### WHAT IS REQUIRED:
Exact reproduction of the listing is required. Pictures are not reproduced.

### THE DATA:
+-------+
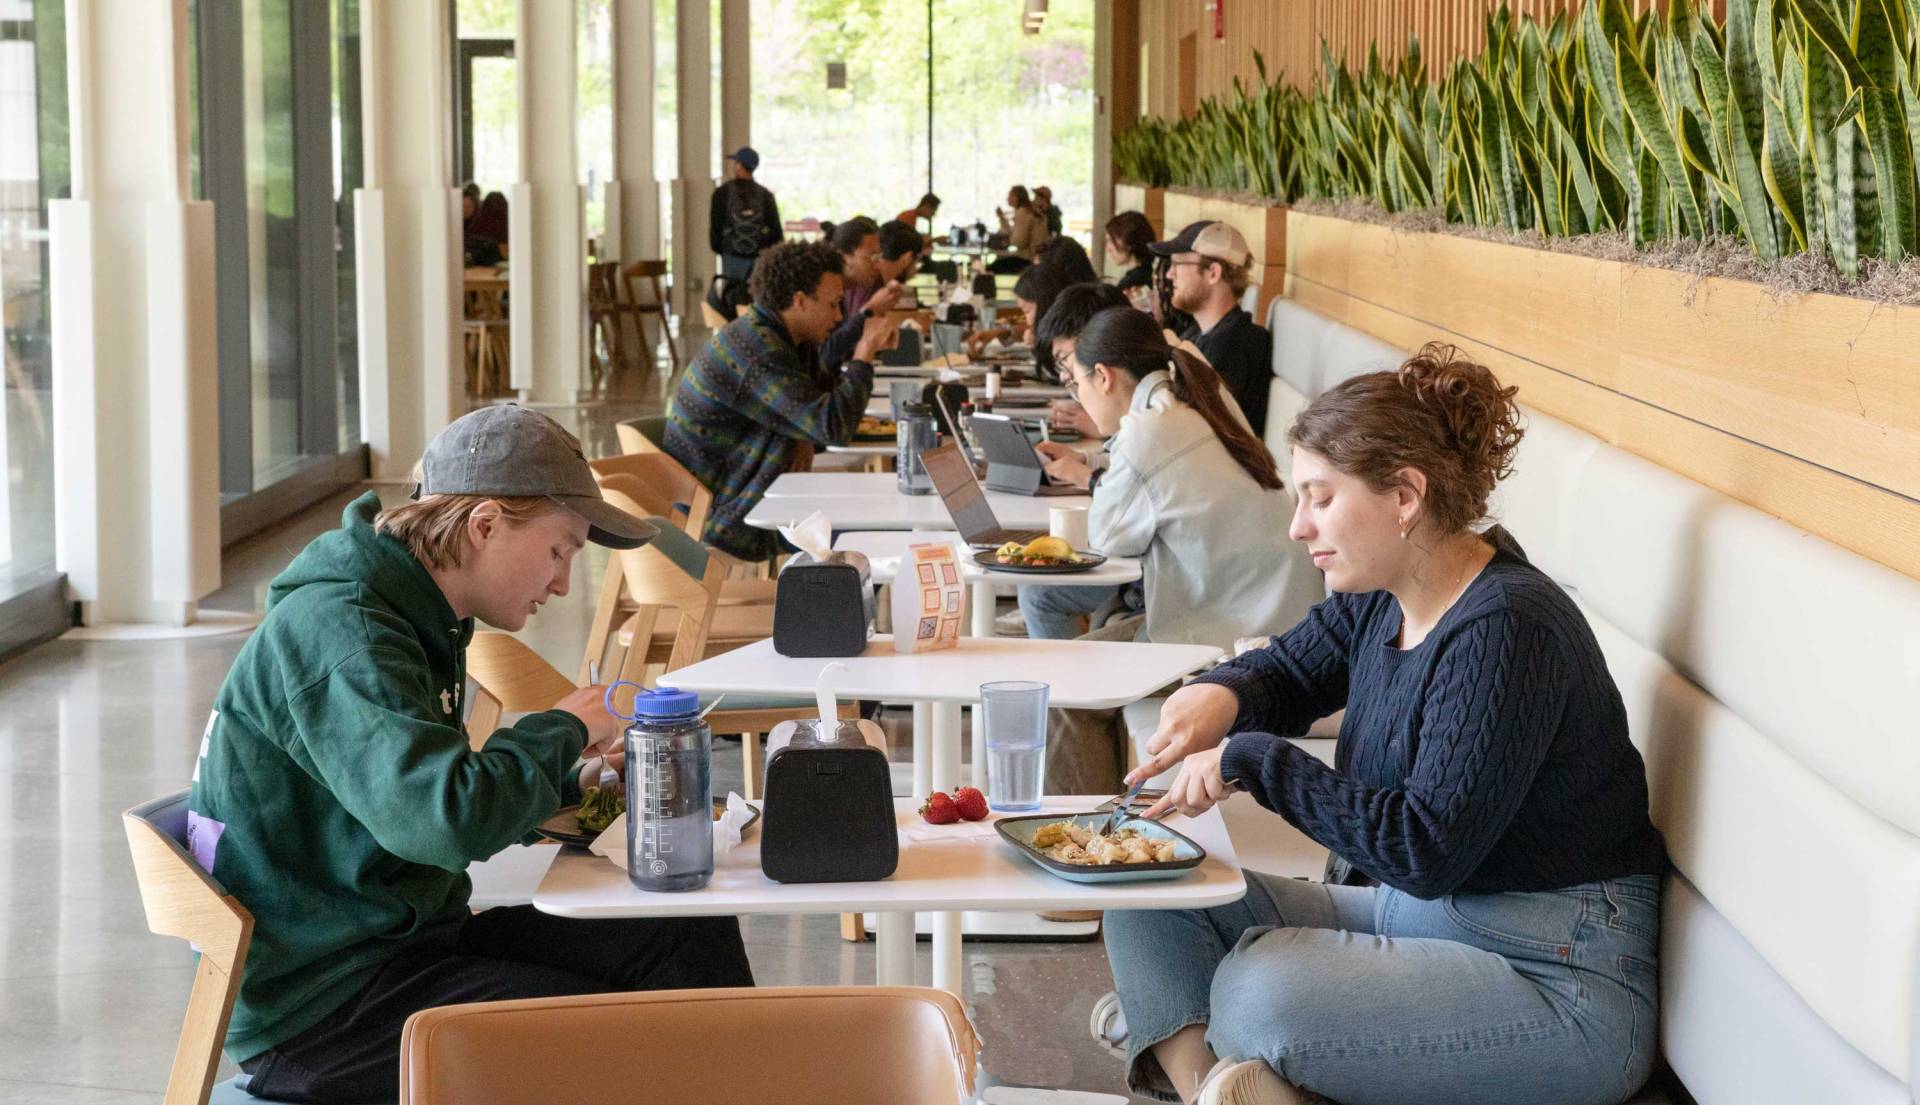 Students eating a meal in the dining hall
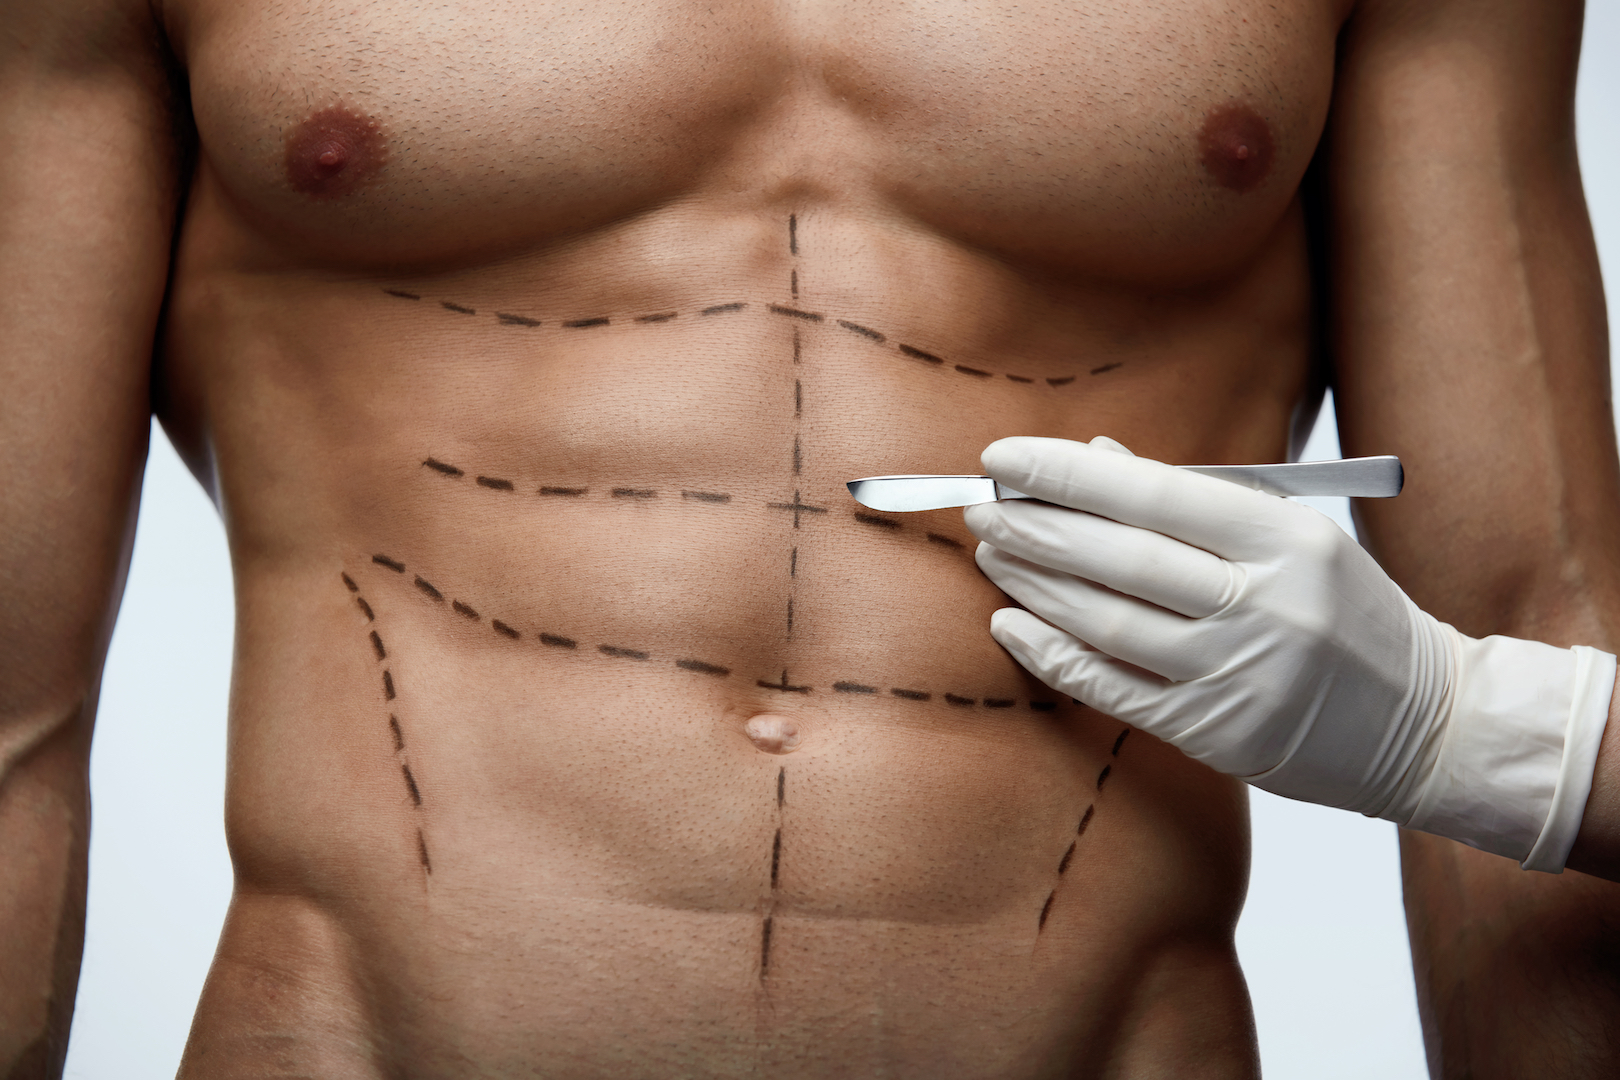 Male plastic surgery on the rise
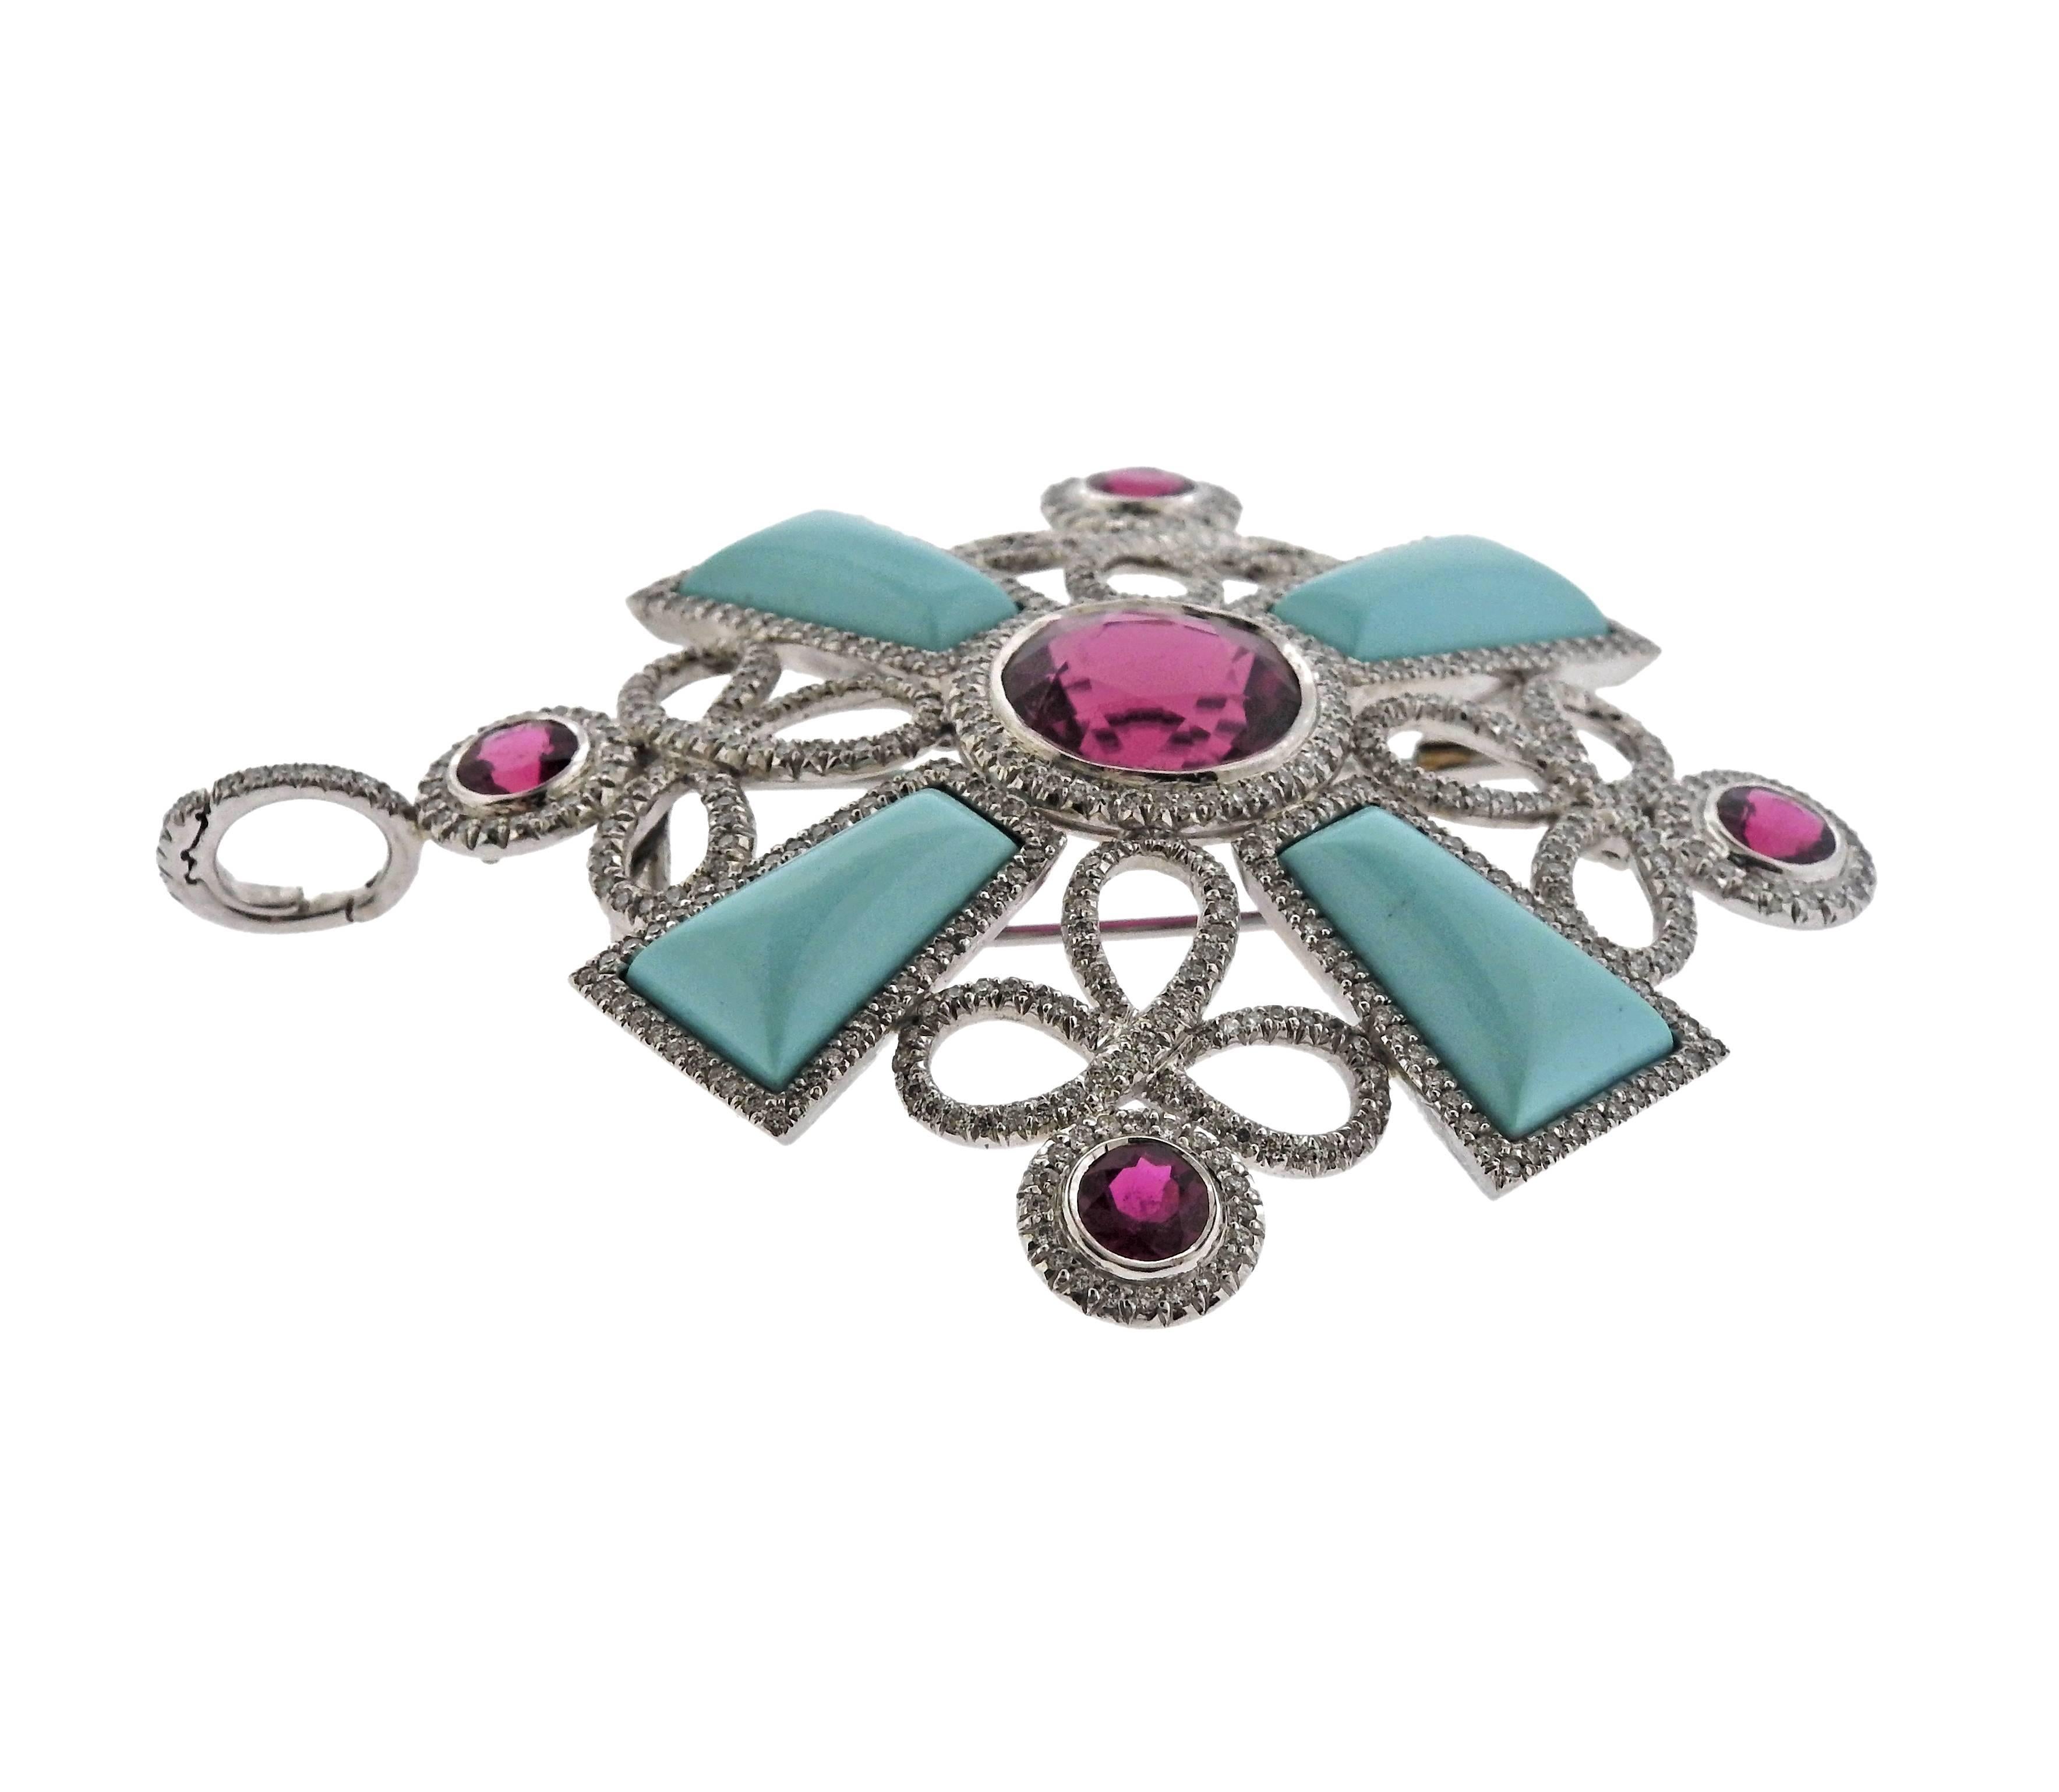 Large 18k white gold cross pendant/brooch, crafted by Haume, decorated with turquoise, pink tourmalines and approximately 1.80ctw in diamonds. Pendant measures 78mm x 65mm. Marked: 750, Haume. Weight of the piece - 47.1 grams.
+-------+
### RESPONSE:
 Students eating a meal in the dining hall
 Male plastic surgery on the rise
 Large 18k white gold cross pendant/brooch, crafted by Haume, decorated with turquoise, pink tourmalines and approximately 1.80ctw in diamonds. Pendant measures 78mm x 65mm. Marked: 750, Haume. Weight of the piece - 47.1 grams.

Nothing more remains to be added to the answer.